L'errore da non fare
Non versare il mosto bollente nei tuorli crudi: la mistura cotta a freddo conserva meglio il sapore naturale. Aggiungere il mosto già cotto e a temperatura ambiente garantisce che i tuorli si mantengano cremosi senza rischio di cottura parziale. Un altro errore comune è dimenticare di raffreddare il composto in frigorifero prima del congelamento: saltare questo passaggio rende il gelato granuloso e meno cremoso, perché i cristalli di ghiaccio si formano troppo rapidamente.
I nostri consigli
- Conserva il gelato nel freezer per massimo 3-4 giorni, coperto con pellicola trasparente. Se noti che indurisce eccessivamente oltre il terzo giorno, lascialo 10 minuti a temperatura ambiente prima di servirlo, oppure frulla una porzione aggiungendo un cucchiaio di latte tiepido per renderlo di nuovo cremoso.

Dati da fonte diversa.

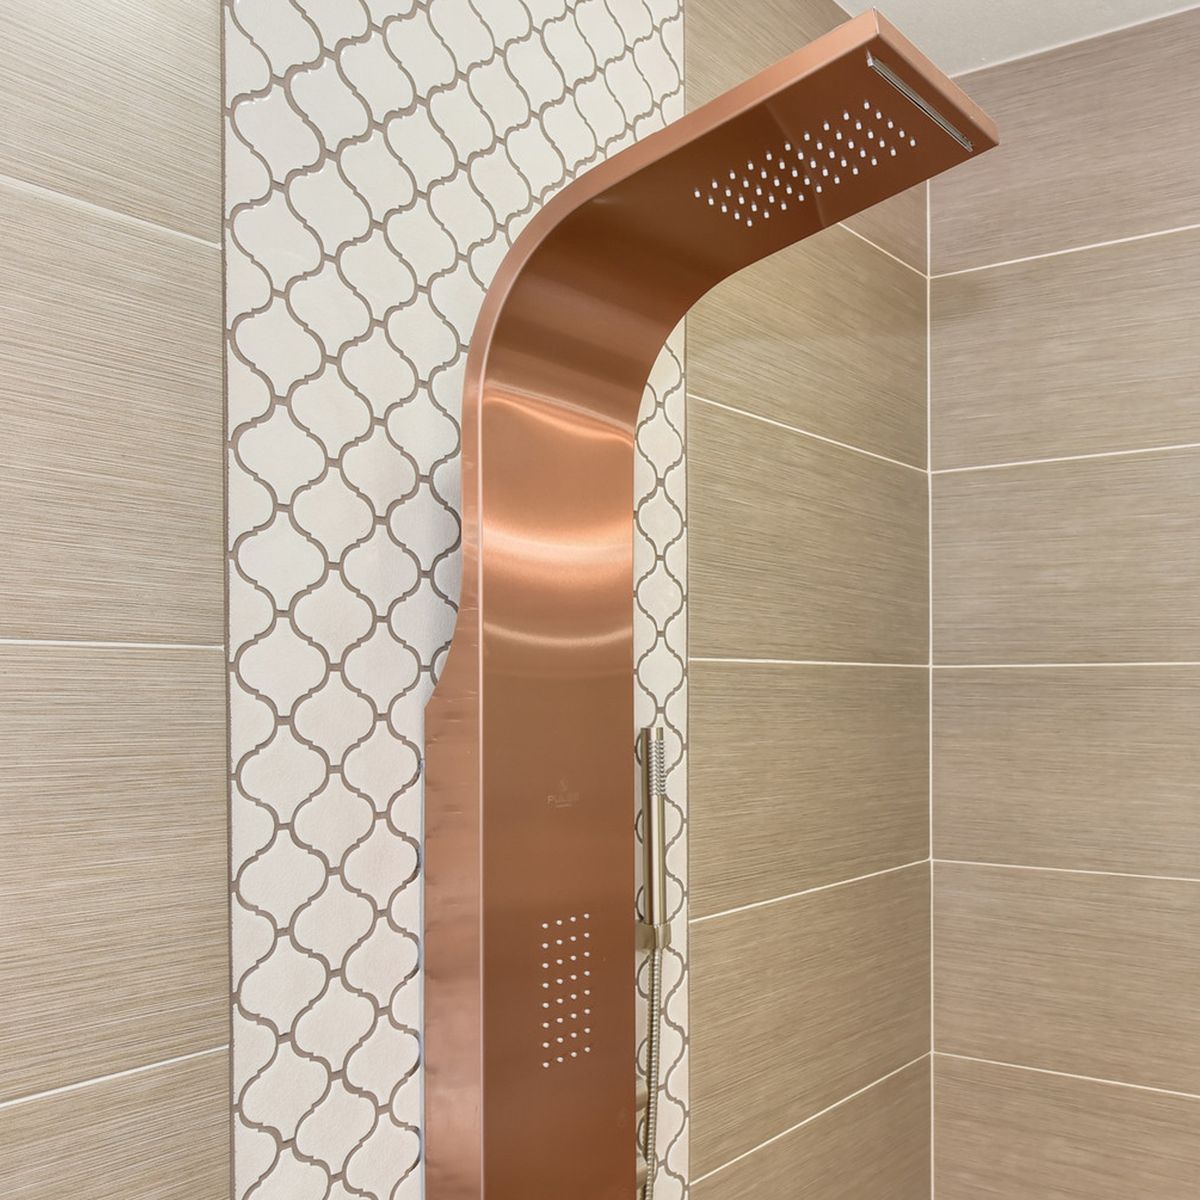 PULSE ShowerSpas Brushed Bronze Stainless Steel Shower Panel - Santa Cruz ShowerSpa - electro-anodized brushed bronze finish - with Oversized body jets, hand shower with double-interlocking stainless steel hose, pressure balance valve and Multiple diverters - 1033 - Vital Hydrotherapy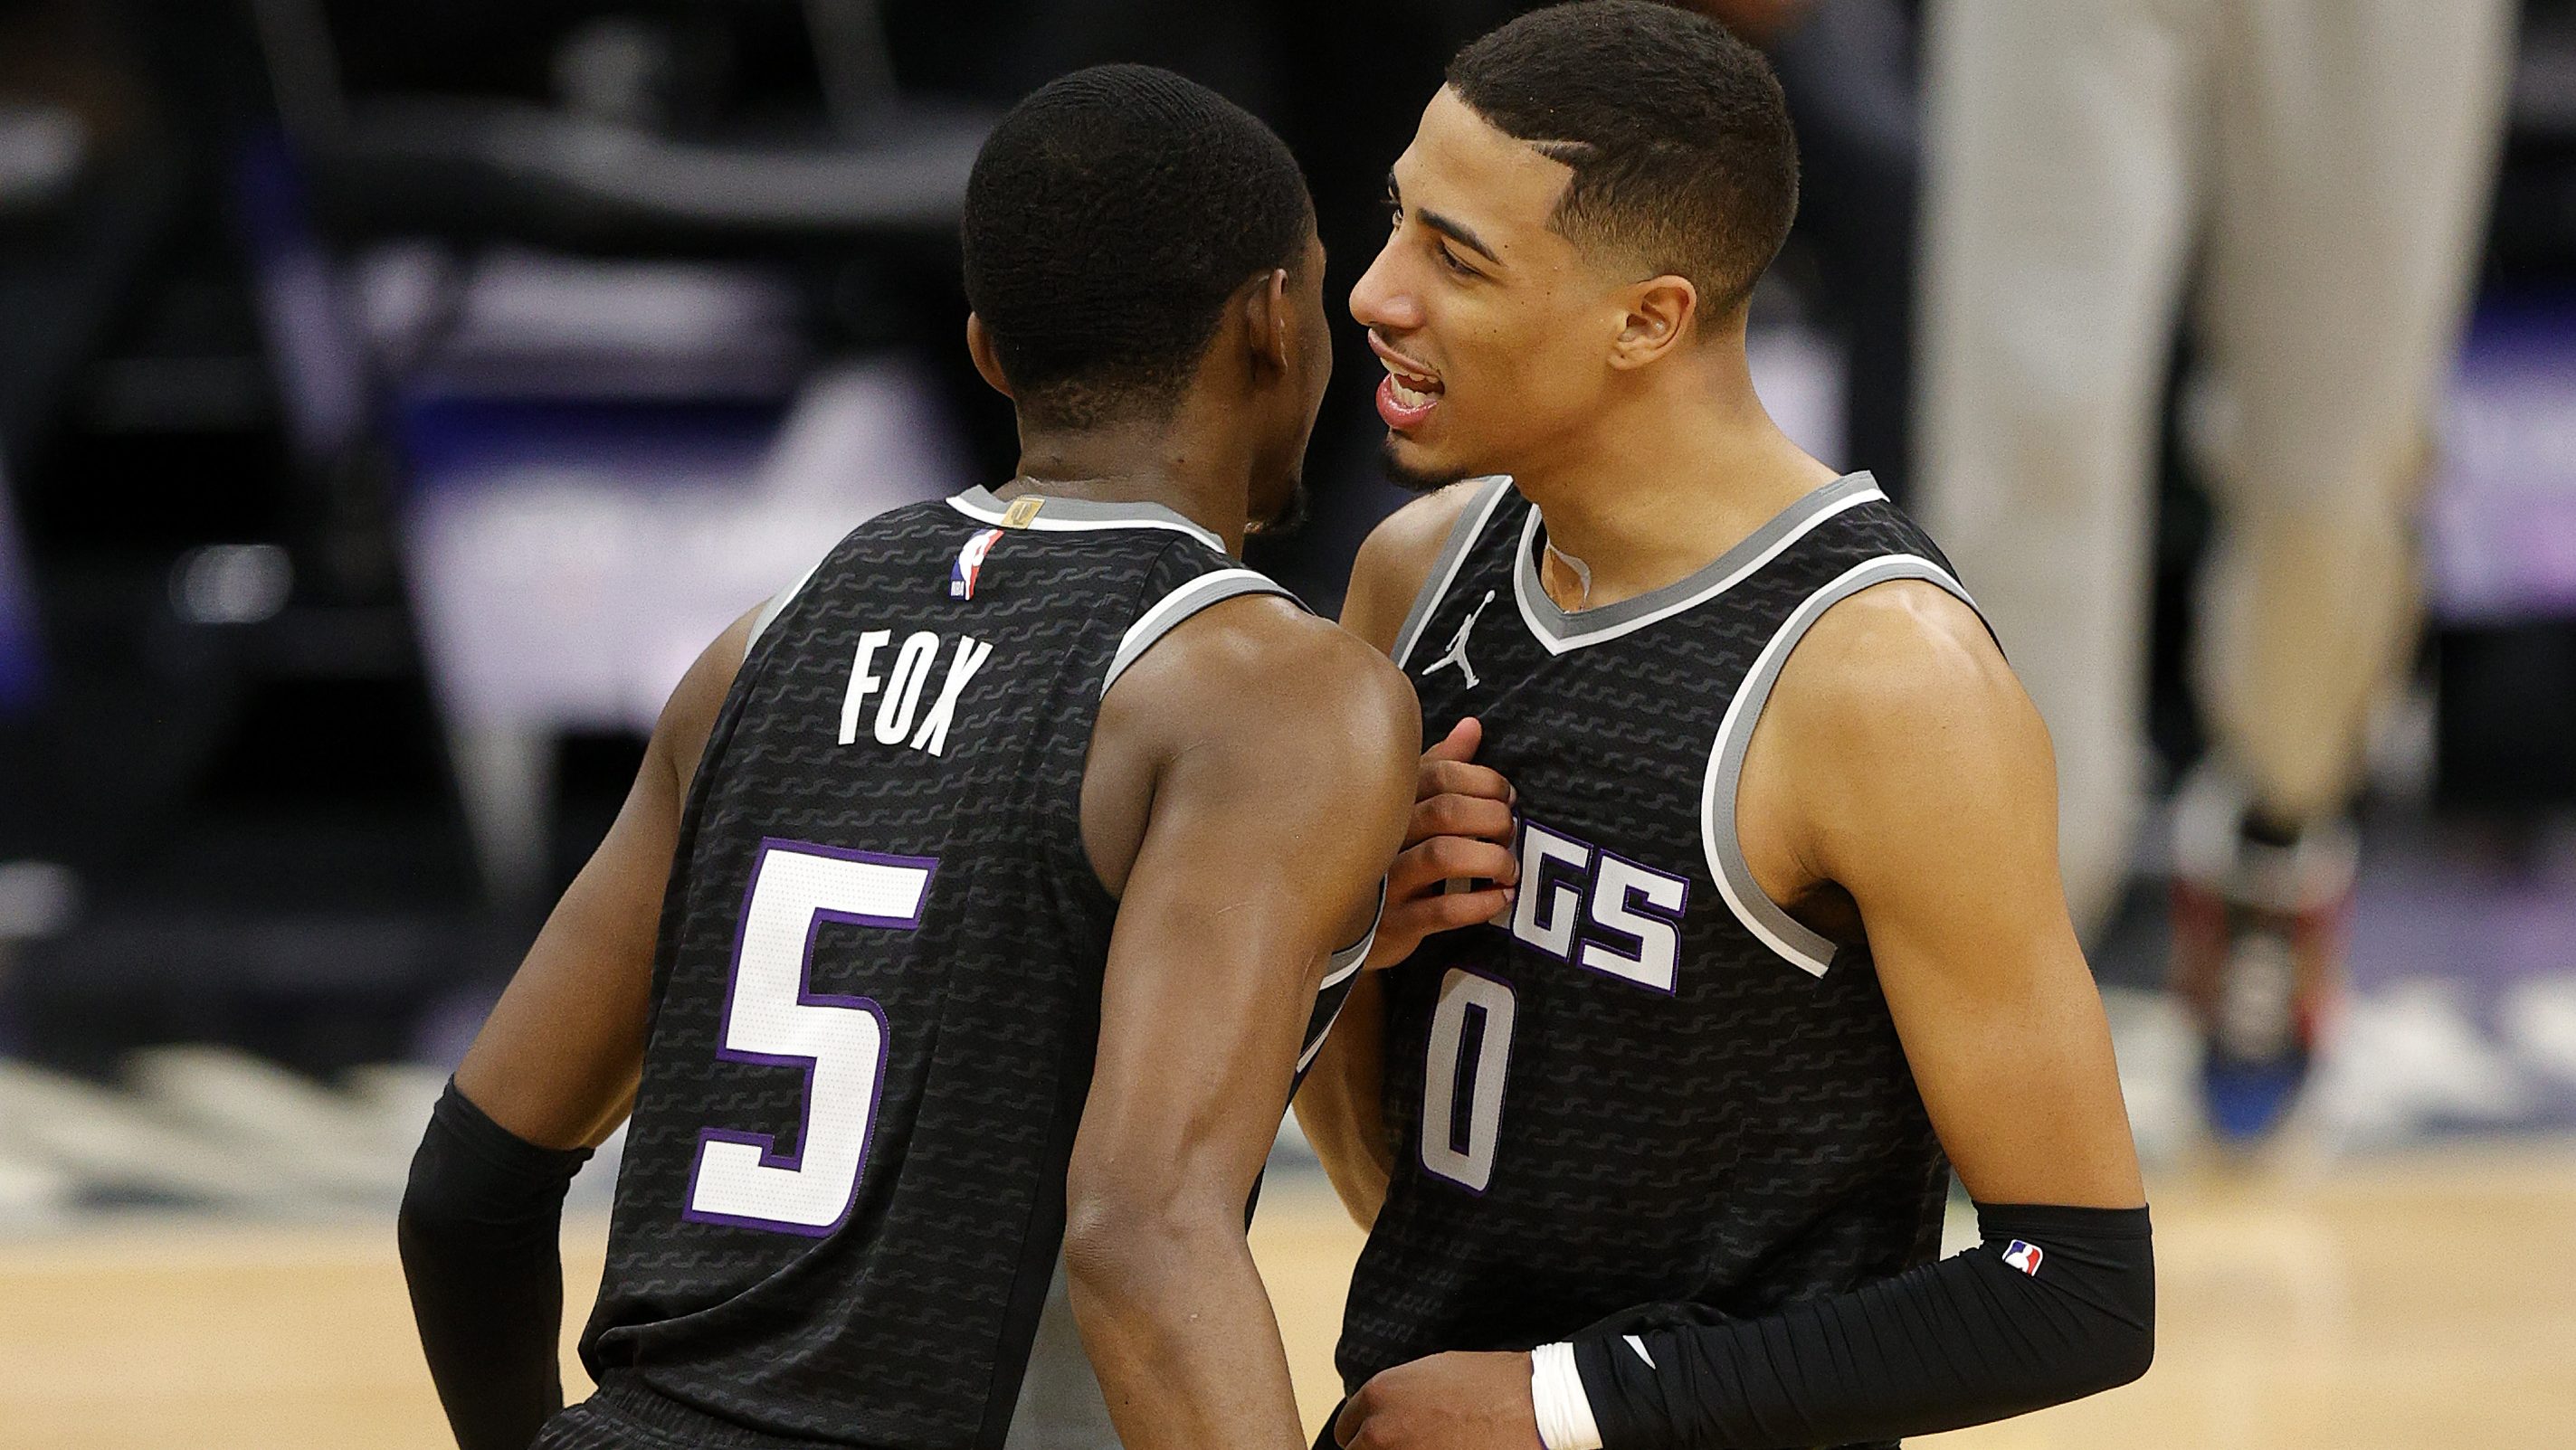 Rookie Tyrese Haliburton has been a bright spot for the Kings so far

- Il mosto d'uva cotto si trova in negozi di specialità alimentari, botteghe biologiche e online. Se non lo trovi, puoi preparartelo in casa facendo cuocere a fuoco lento 500 ml di mosto d'uva fresco fino a ridurlo della metà, ma il tempo di preparazione complessiva aumenta notevolmente.
- Accompagna il gelato con una manciata di nocciole tostate non salate o di pistacchio: il contrasto tra il dolce del gelato e il leggero amaro della nocciola esalta entrambi i sapori. Una fetta di pane integrale croccante è un abbinamento classico nelle regioni dove è tradizionale questo gelato.
- Se desideri una versione senza uova, puoi sostituire i tuorli con 20 g di lecitina di soia mescolata al latte tiepido, anche se il risultato sarà leggermente meno cremoso e leggermente più gelido.
Quando prepararla
Il gelato di mosto cotto è tipico dell'autunno e dell'inverno, quando il mosto d'uva appena cotto è disponibile nelle aziende agricole e nei torchi. Se preparato con mosto conservato, lo puoi realizzare tutto l'anno, ma risulta più apprezzato nei mesi freddi, quando il desiderio di gelato diminuisce e il suo gusto intenso e dolce compensa il clima meno favorevole ai dessert gelati. È perfetto dopo i pasti festivi autunnali, in particolare a novembre, oppure durante le feste invernali come alternativa ai gelati più comuni.
Domande frequenti
- Posso usare mosto d'uva fresco non cotto? No, il mosto fresco ha un'acidità elevata e una consistenza troppo liquida. Il mosto cotto concentrato è essenziale per il sapore caratteristico e la giusta densità del gelato.
- Il gelato contiene alcol? No, il mosto d'uva cotto non contiene alcol. La cottura lo trasforma in uno sciroppo dolce naturale privo di fermentazione.
- Serve davvero la gelatiera? No, è facoltativa. Mescolando ogni 40 minuti durante il congelamento ottieni un risultato molto simile, anche se richiede più attenzione manuale.
- Qual è la differenza tra mosto cotto e sapa? La sapa è una riduzione ancora più concentrata, quasi uno sciroppo denso. Il mosto cotto ha una consistenza più fluida e un sapore leggermente meno intenso. Per il gelato va bene il mosto cotto standard.